Par la même raison, la force collective ne peut être légitimement appliquée à développer l’amour du travail, la sobriété, l’économie, la générosité, la science, la foi religieuse ; mais elle peut l’être légitimement à faire régner la justice, à maintenir chacun dans son droit.

Car où pourrait-on chercher l’origine du droit collectif ailleurs que dans le droit individuel ?

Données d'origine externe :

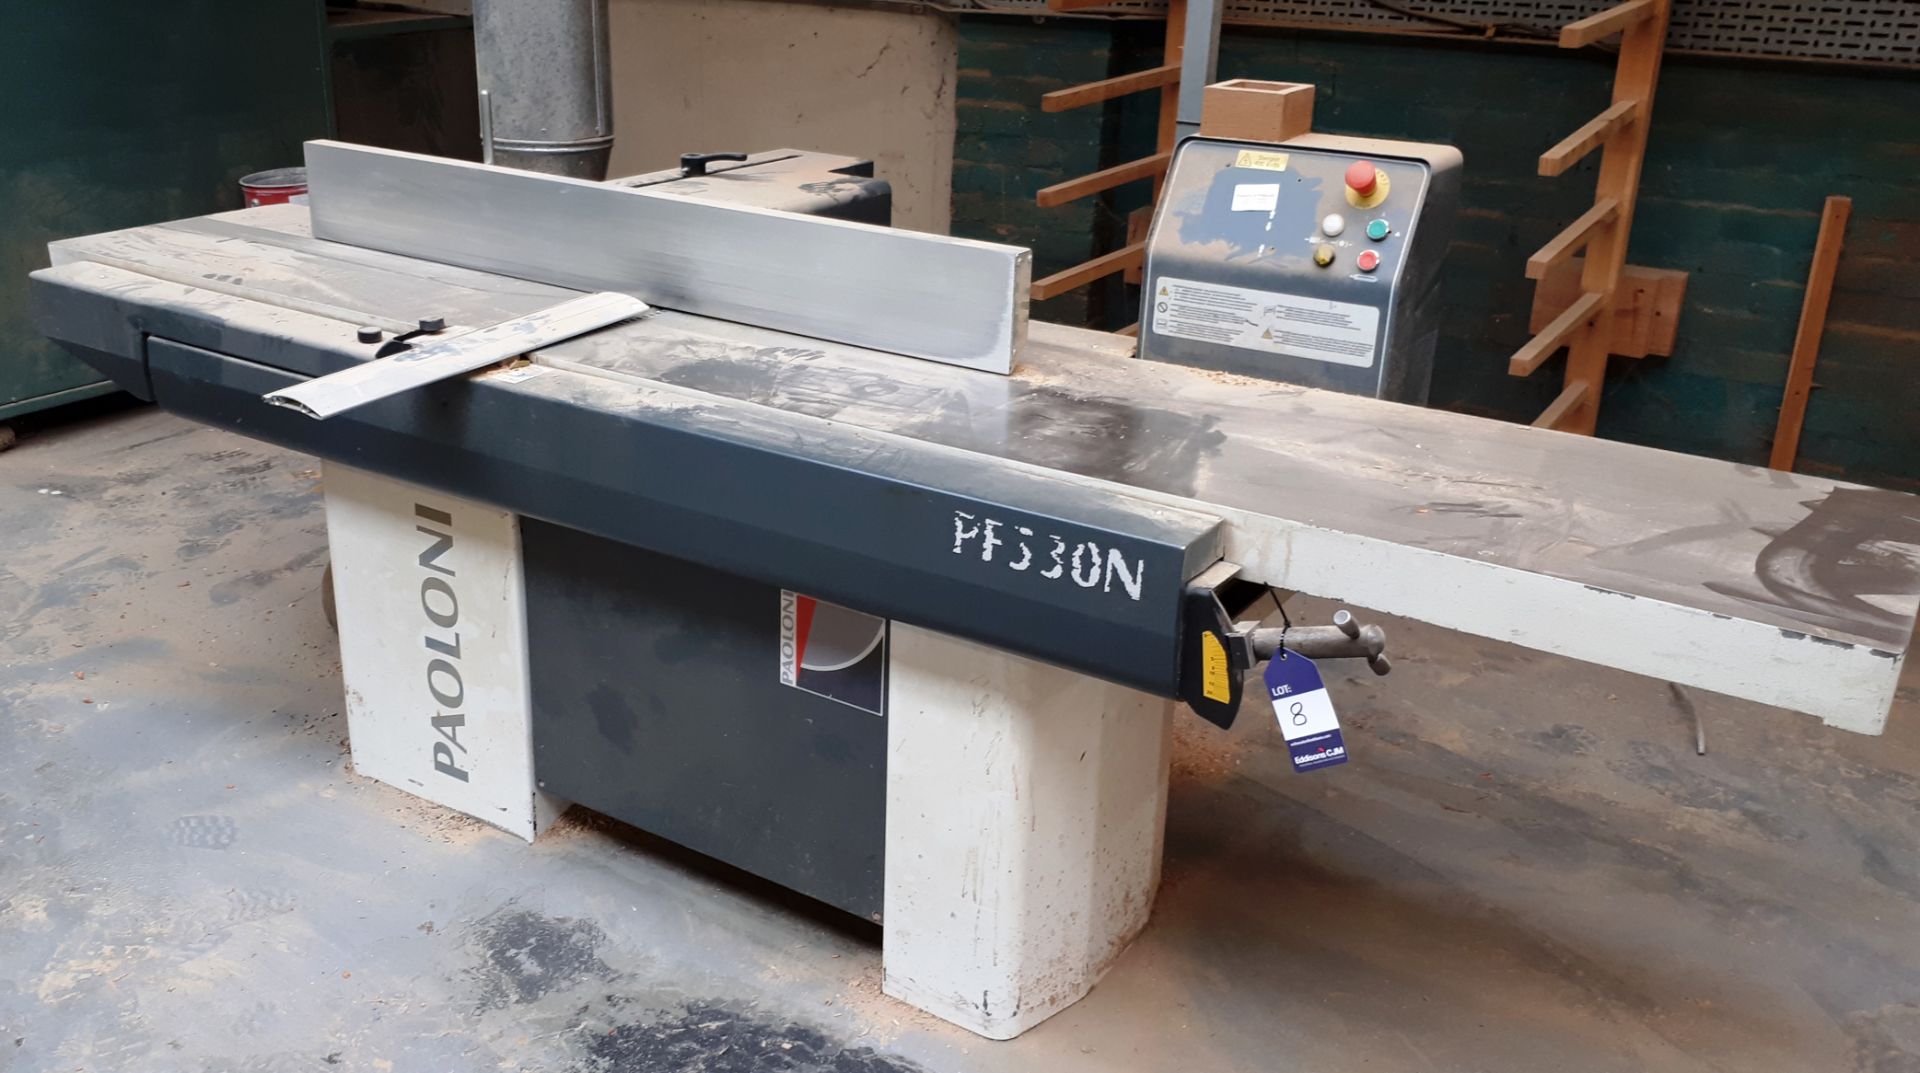 Paoloni PF530N surface planer, serial number 21342 (2008)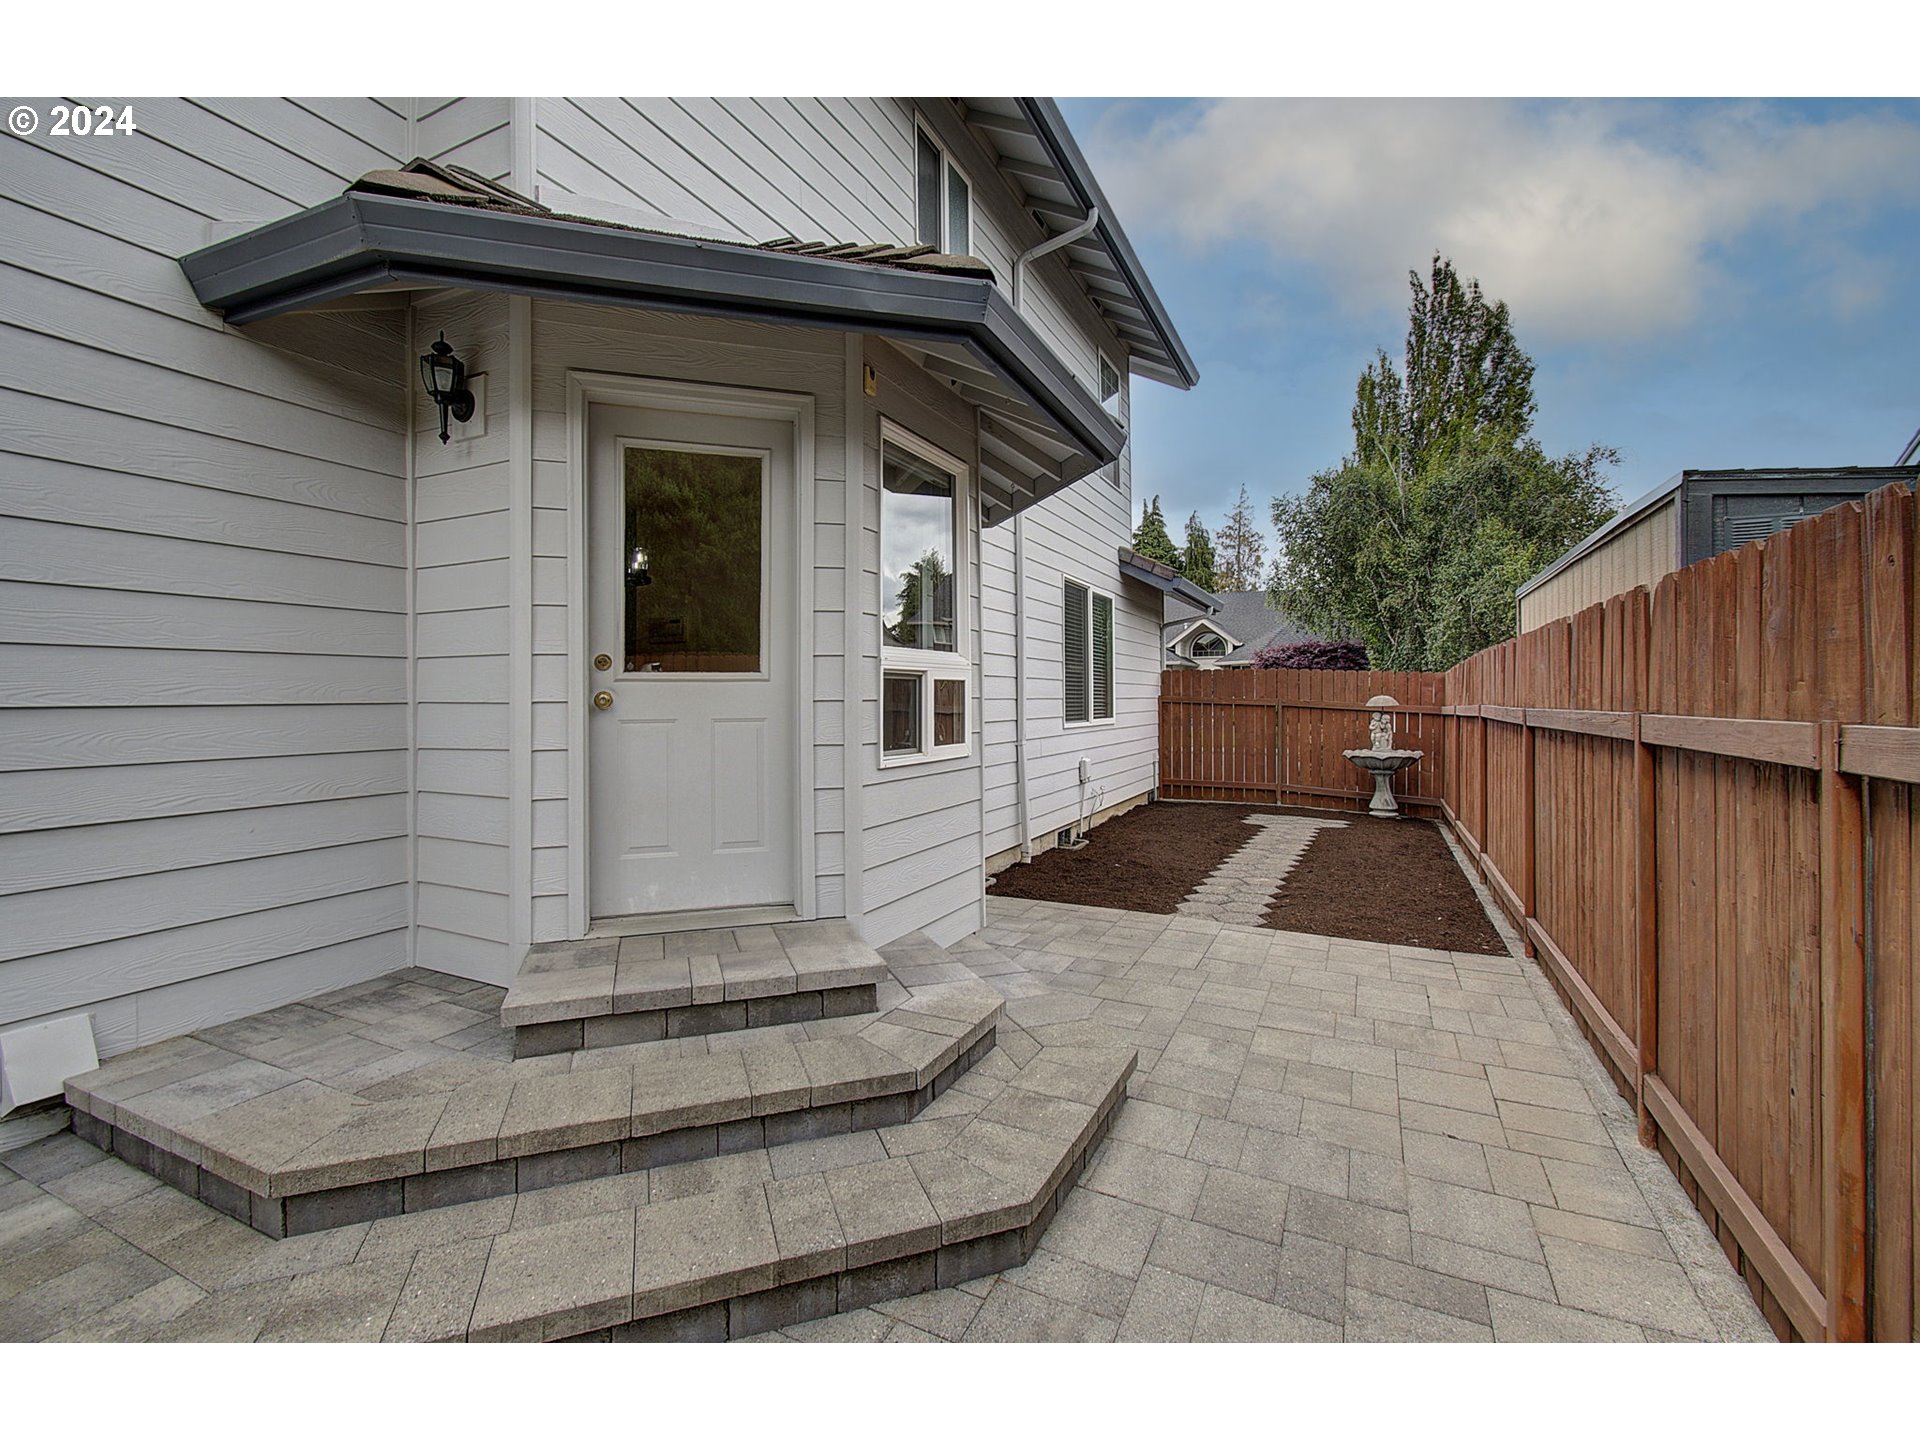 2707 NW 118th St, Vancouver, WA 98685

C’est la déplorable manie de notre époque de vouloir donner une vie propre à de pures abstractions, d’imaginer une cité en dehors des citoyens, une humanité en dehors des hommes, un tout en dehors de ses parties, une collectivité en dehors des individualités qui la composent. J’aimerais autant que l’on me dise : « Voilà un homme, anéantissez par la pensée ses membres, ses viscères, ses organes, son corps et son âme, tous les éléments dont il est formé ; il reste toujours un homme. »

Si un droit n’existe dans aucun des individus dont, pour abréger, on nomme l’ensemble une nation, comment existerait-il dans la nation ? Comment existerait-il surtout dans cette fraction de la nation qui n’a que des droits délégués, dans le gouvernement ? Comment les individus peuvent-ils déléguer des droits qu’ils n’ont pas ?

Il faut donc regarder comme le principe fondamental de toute politique cette incontestable vérité :

Entre individus, l’intervention de la force n’est légitime que dans le cas de légitime défense. La collectivité ne saurait recourir légalement à la force que dans la même limite.

Or, il est dans l’essence même du gouvernement d’agir sur les citoyens par voie de contrainte. Donc il ne peut avoir d’autres attributions rationnelles que la légitime défense de tous les droits individuels, il ne peut être délégué que pour faire respecter les libertés et les propriétés de tous.